▶ _Assignment_:
Exactly the lines from the one containing "Jadeon Stage Water" through the final line of the data below, with pictures omitted, make up the answer.

━━ Dataset excerpt

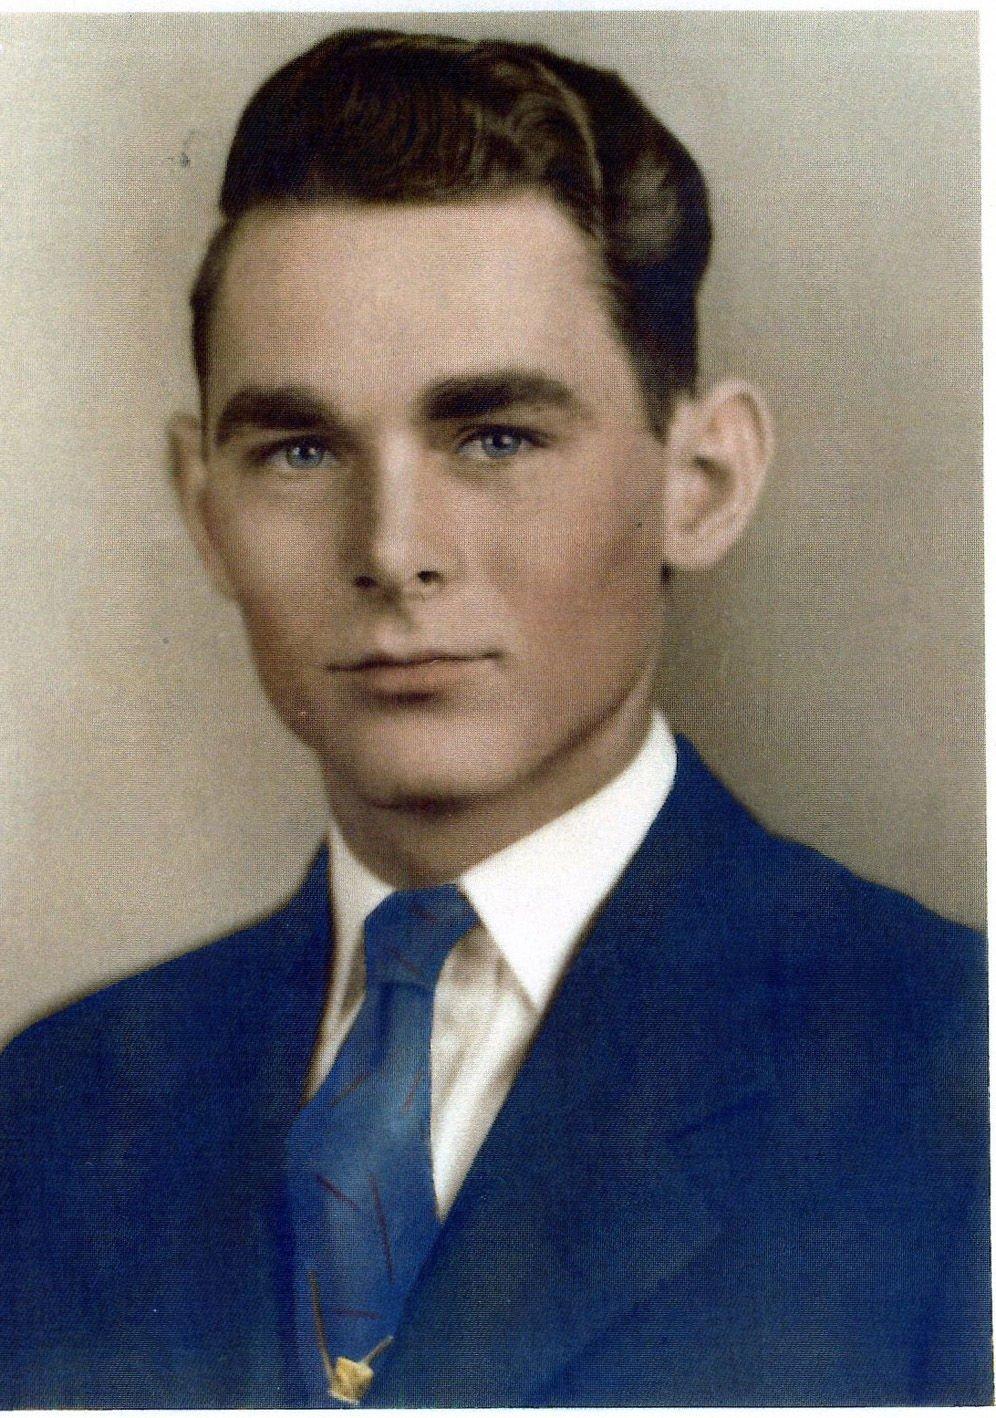 Happy 90th birthday, Dad
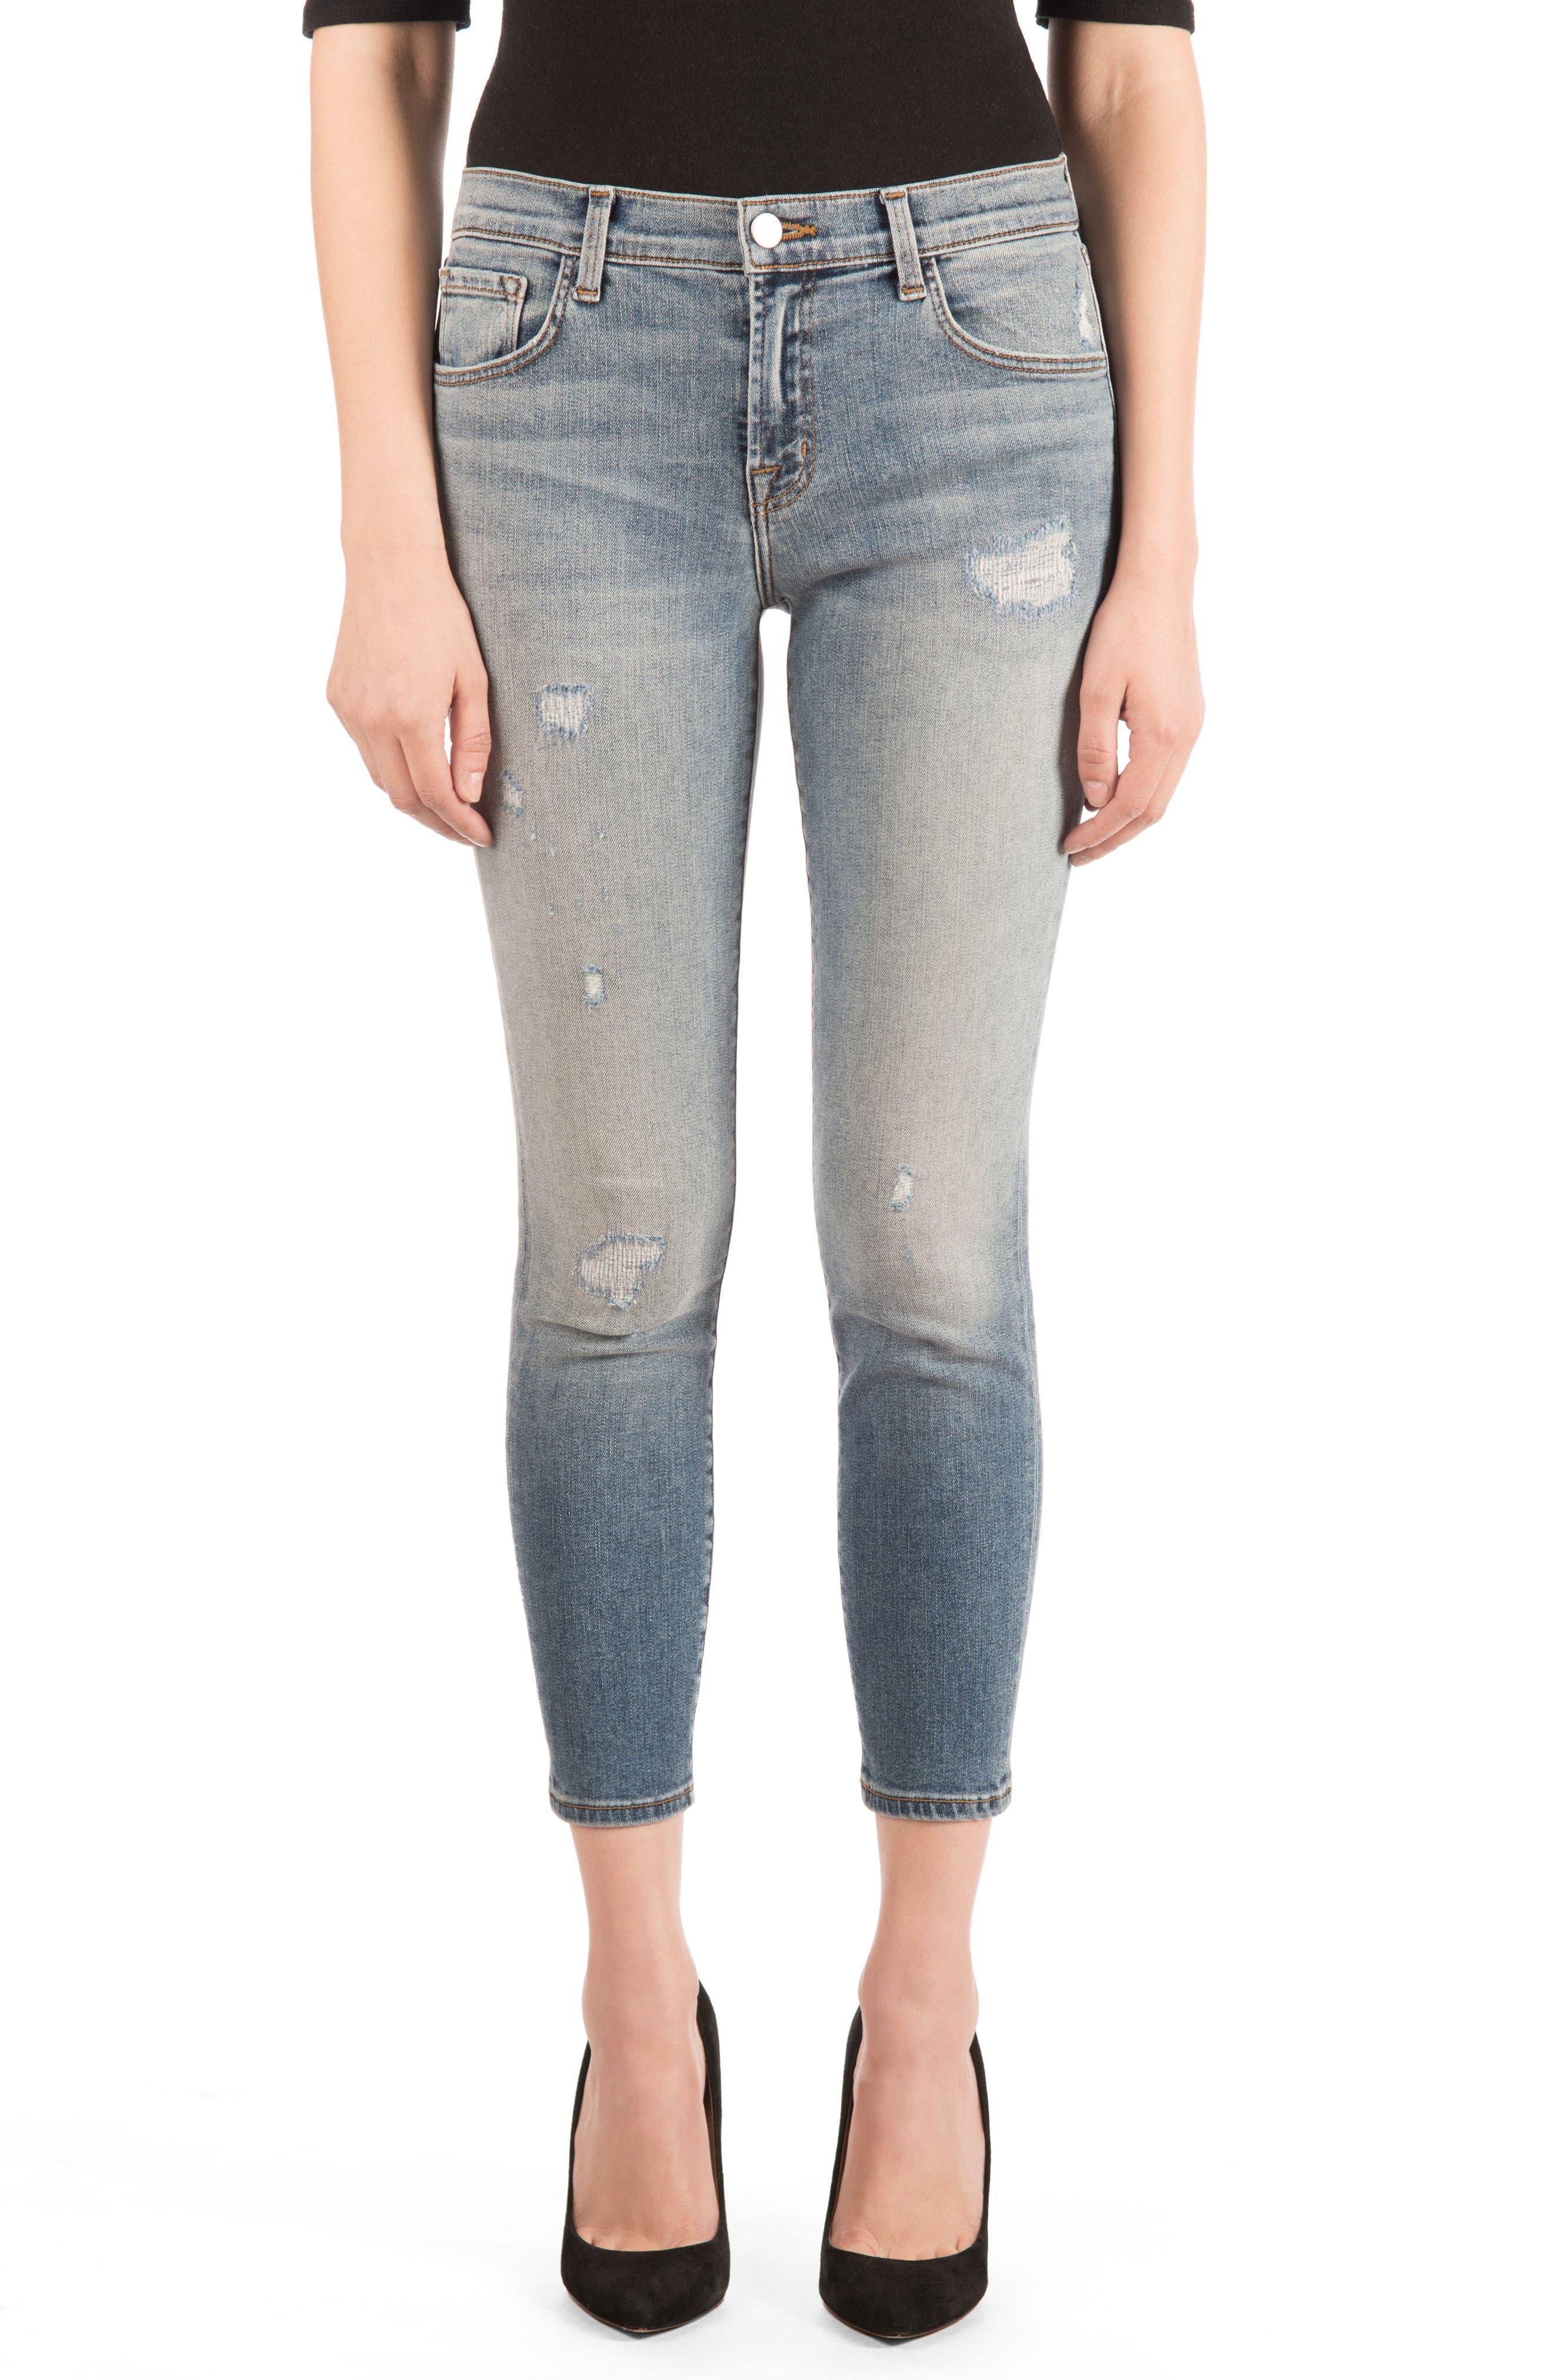 835 Distressed Capri Skinny Jeans,                         Main,                         color, 430
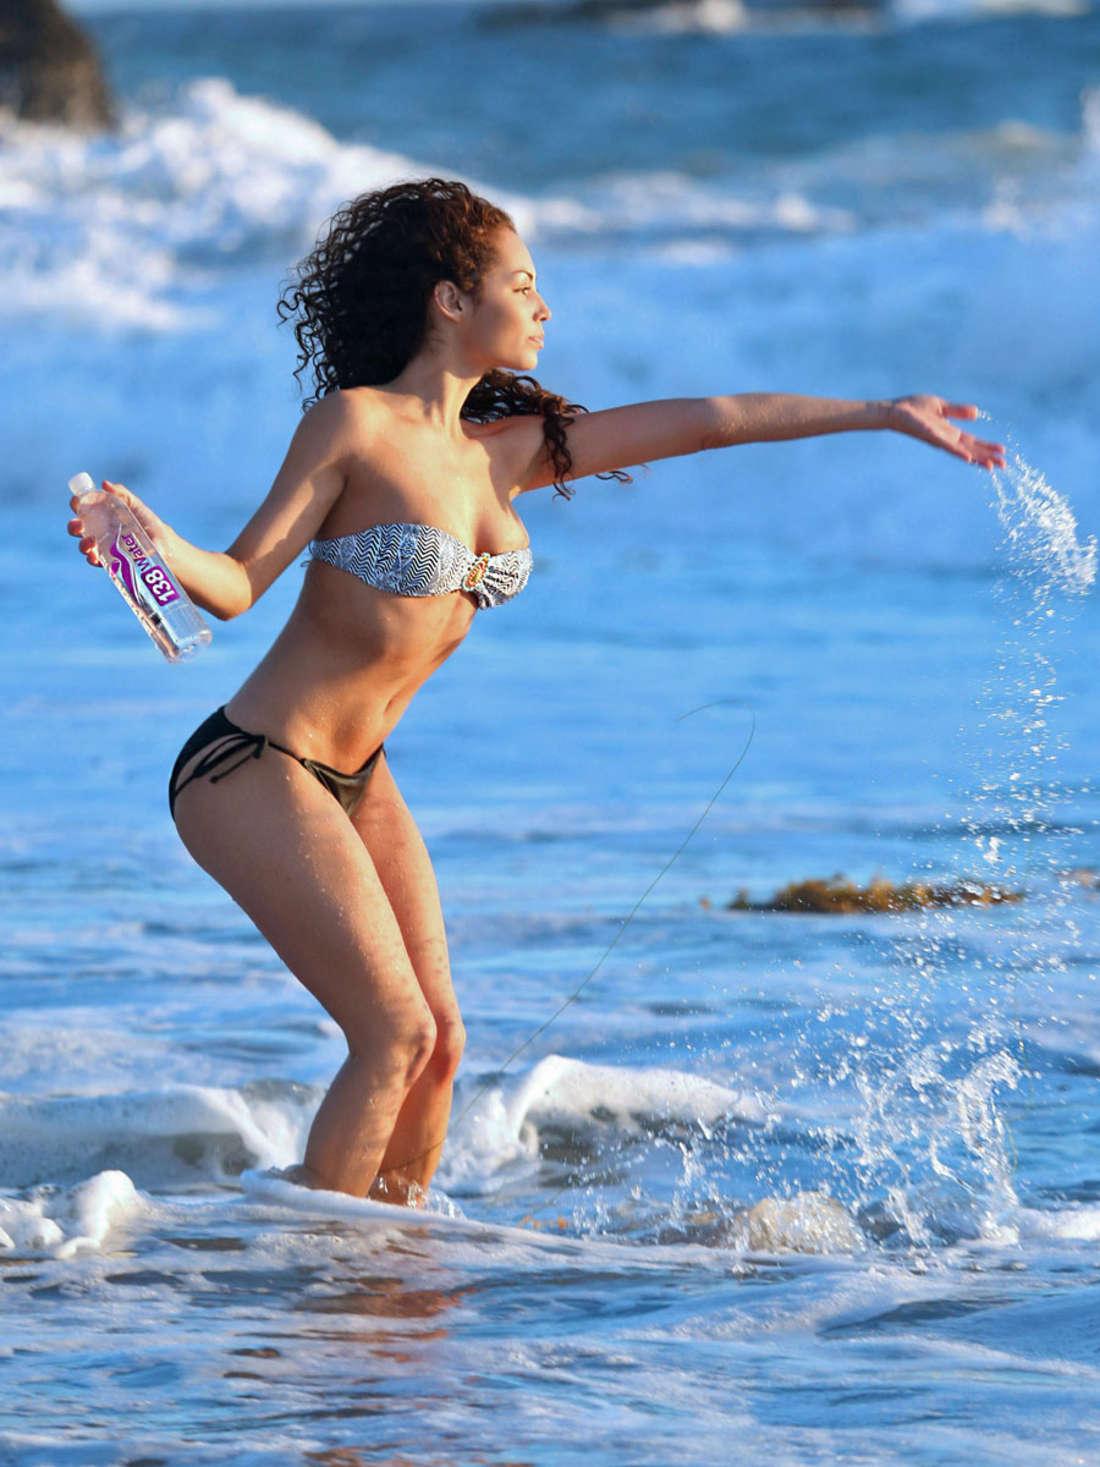 Jadeon Stage Water Bikini Photoshoot in Malibu
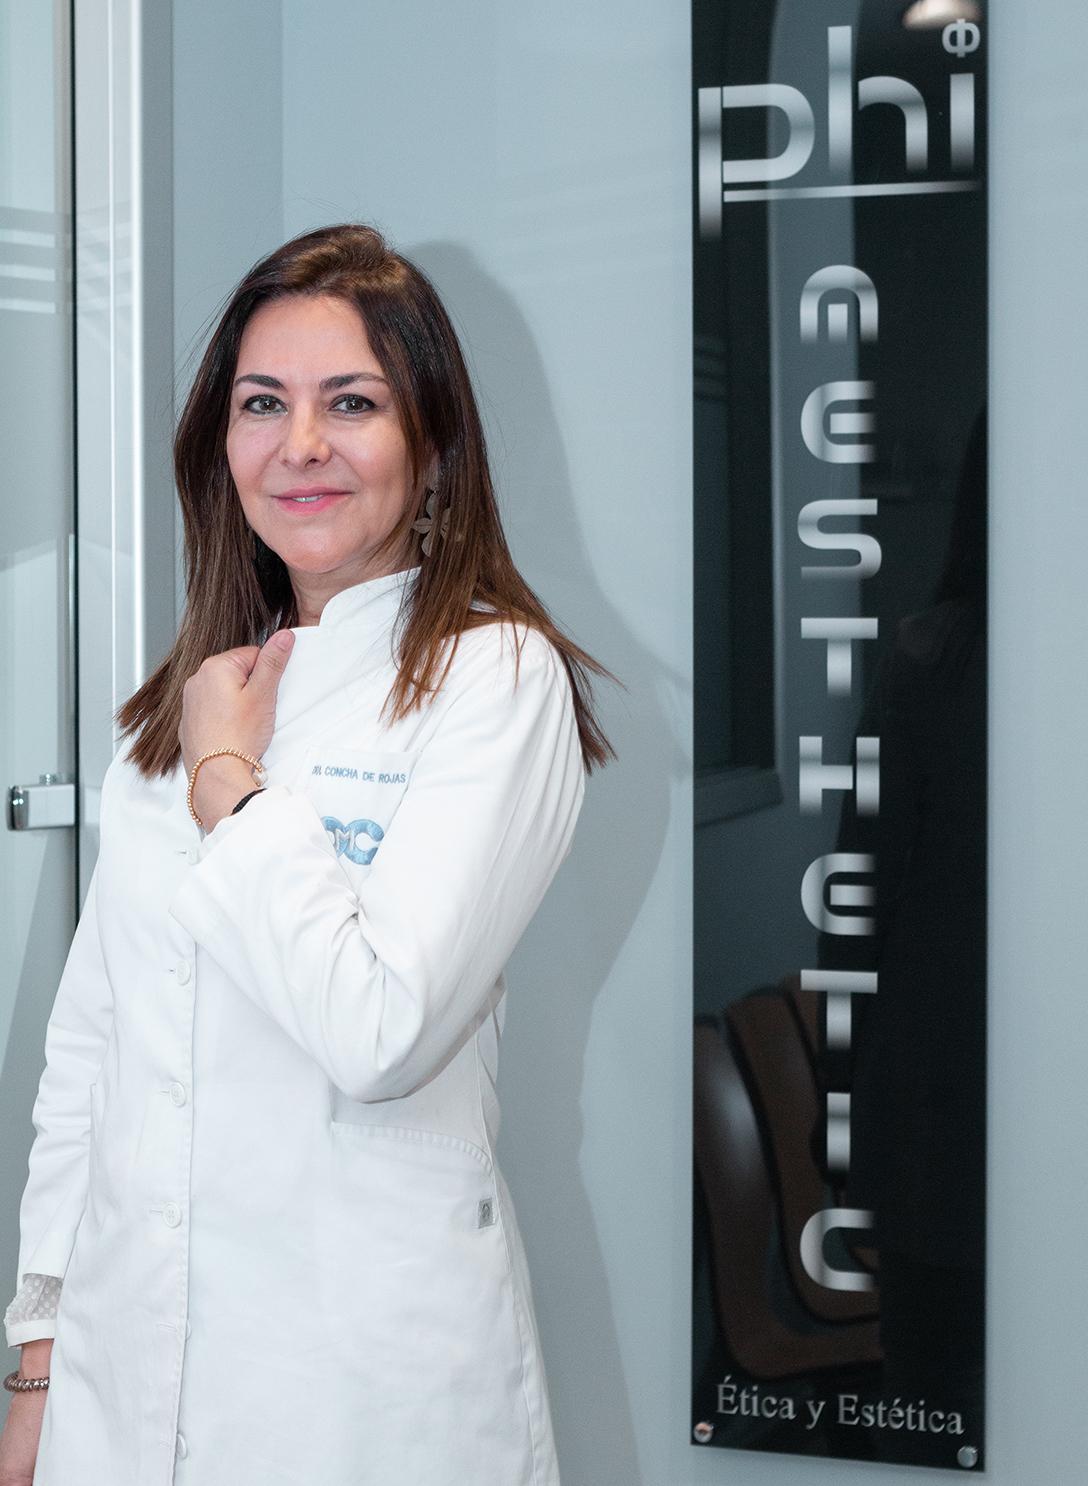 Dra. Inmaculada de Rojas Sarabia

━━━━

▶ _Answer space_:
 Jadeon Stage Water Bikini Photoshoot in Malibu
 Dra. Inmaculada de Rojas Sarabia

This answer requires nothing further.